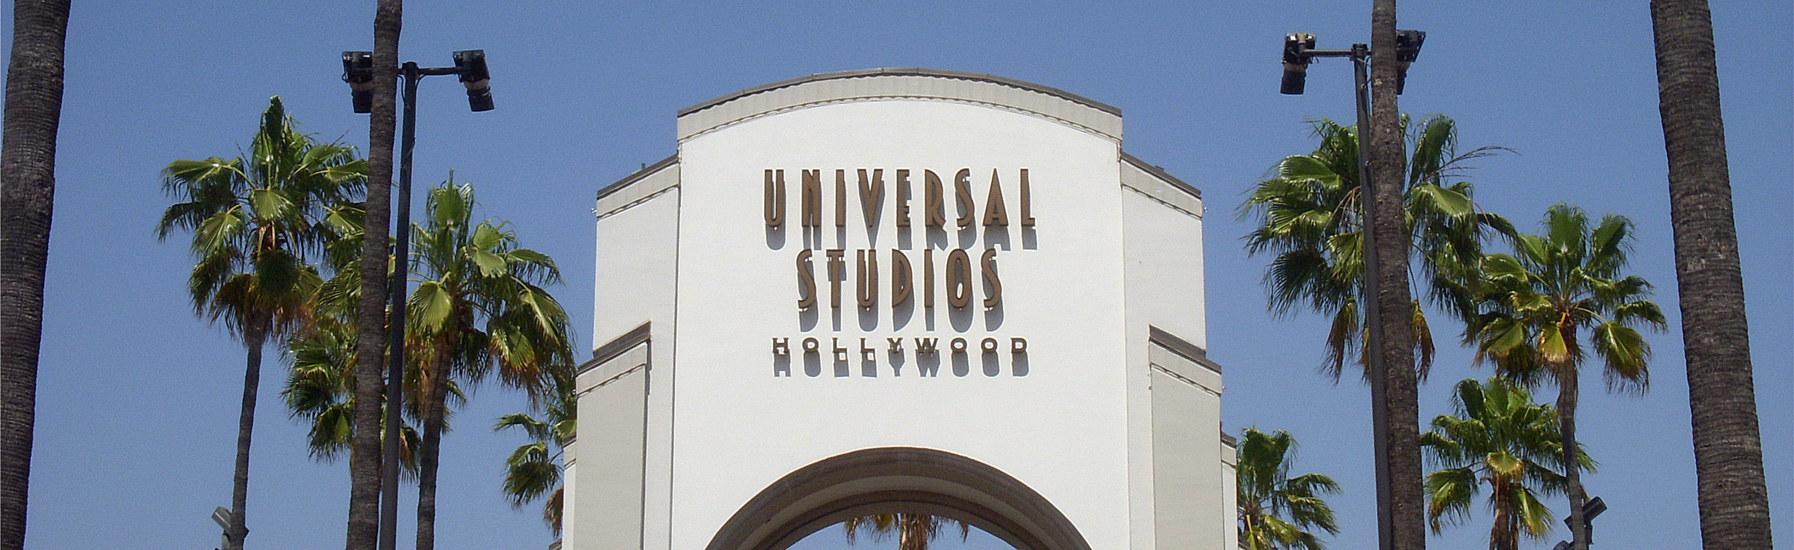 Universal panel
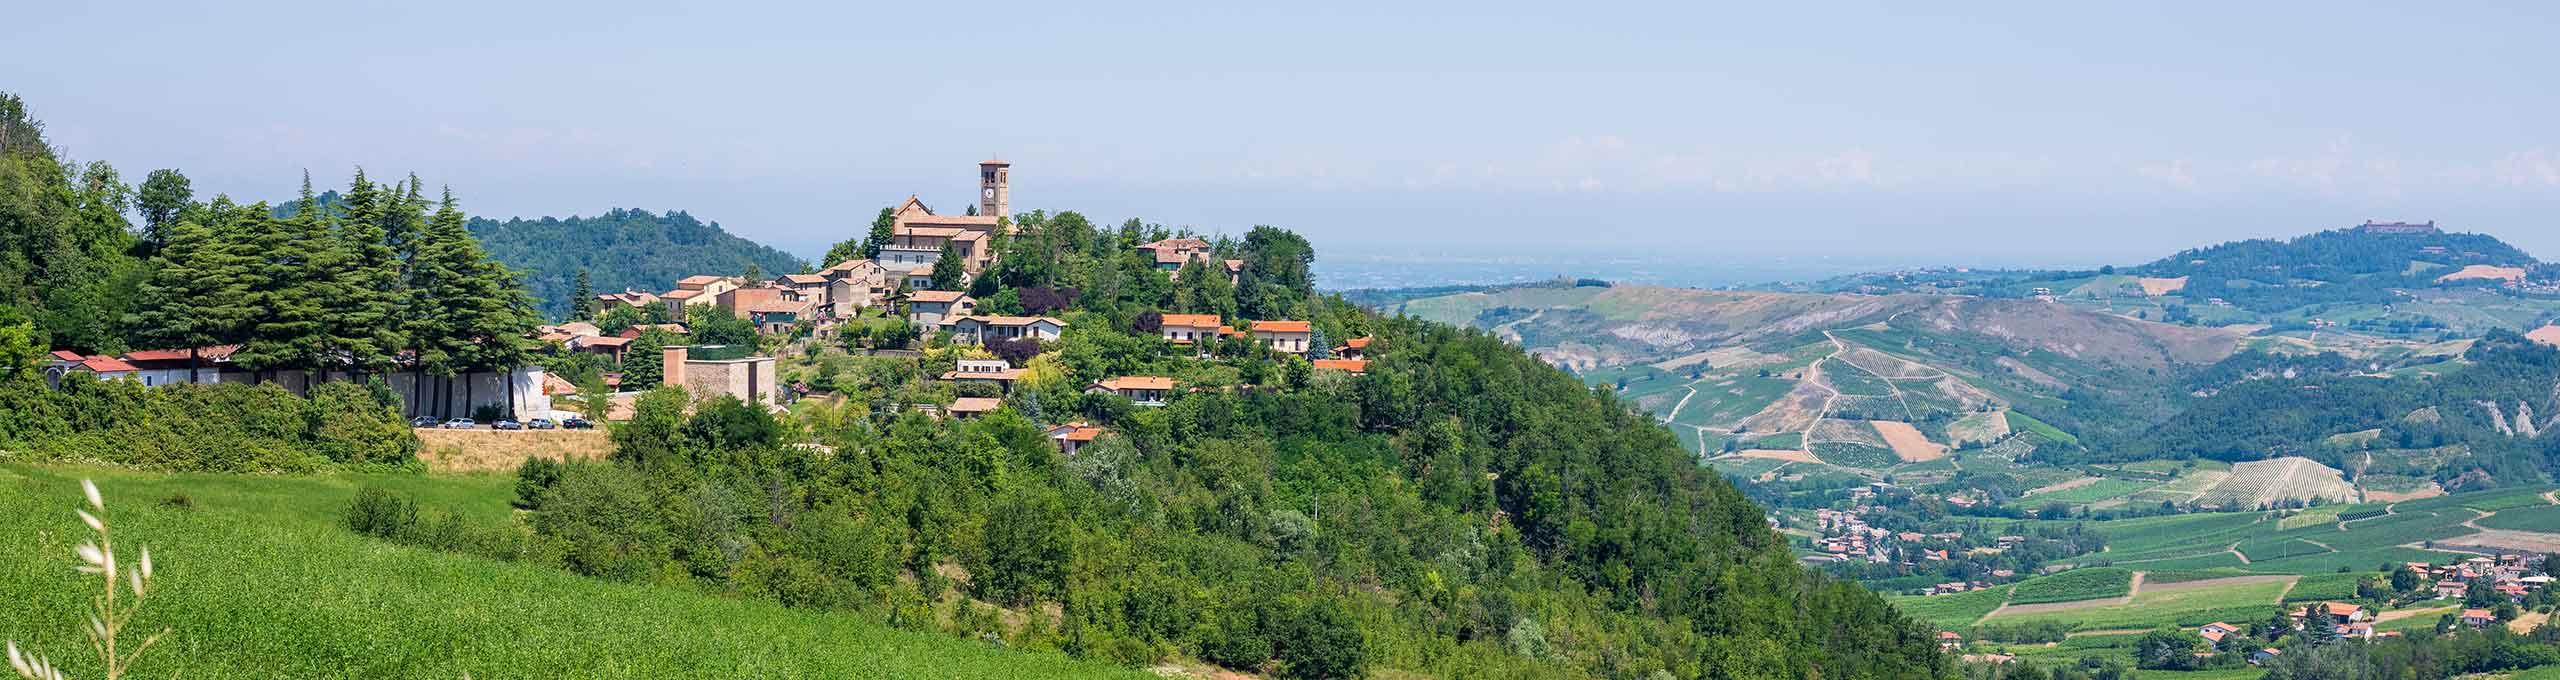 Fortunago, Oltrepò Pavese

...

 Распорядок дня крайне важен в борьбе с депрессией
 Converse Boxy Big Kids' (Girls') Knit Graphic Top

- [TRY IT]:
Using only the listing above, restate exactly the lines from the line containing "Распорядок дня крайне" through the line containing "Converse Boxy Big", both included.

- [SOLUTION TO THE PROBLEM]:
 Распорядок дня крайне важен в борьбе с депрессией
 Converse Boxy Big Kids' (Girls') Knit Graphic Top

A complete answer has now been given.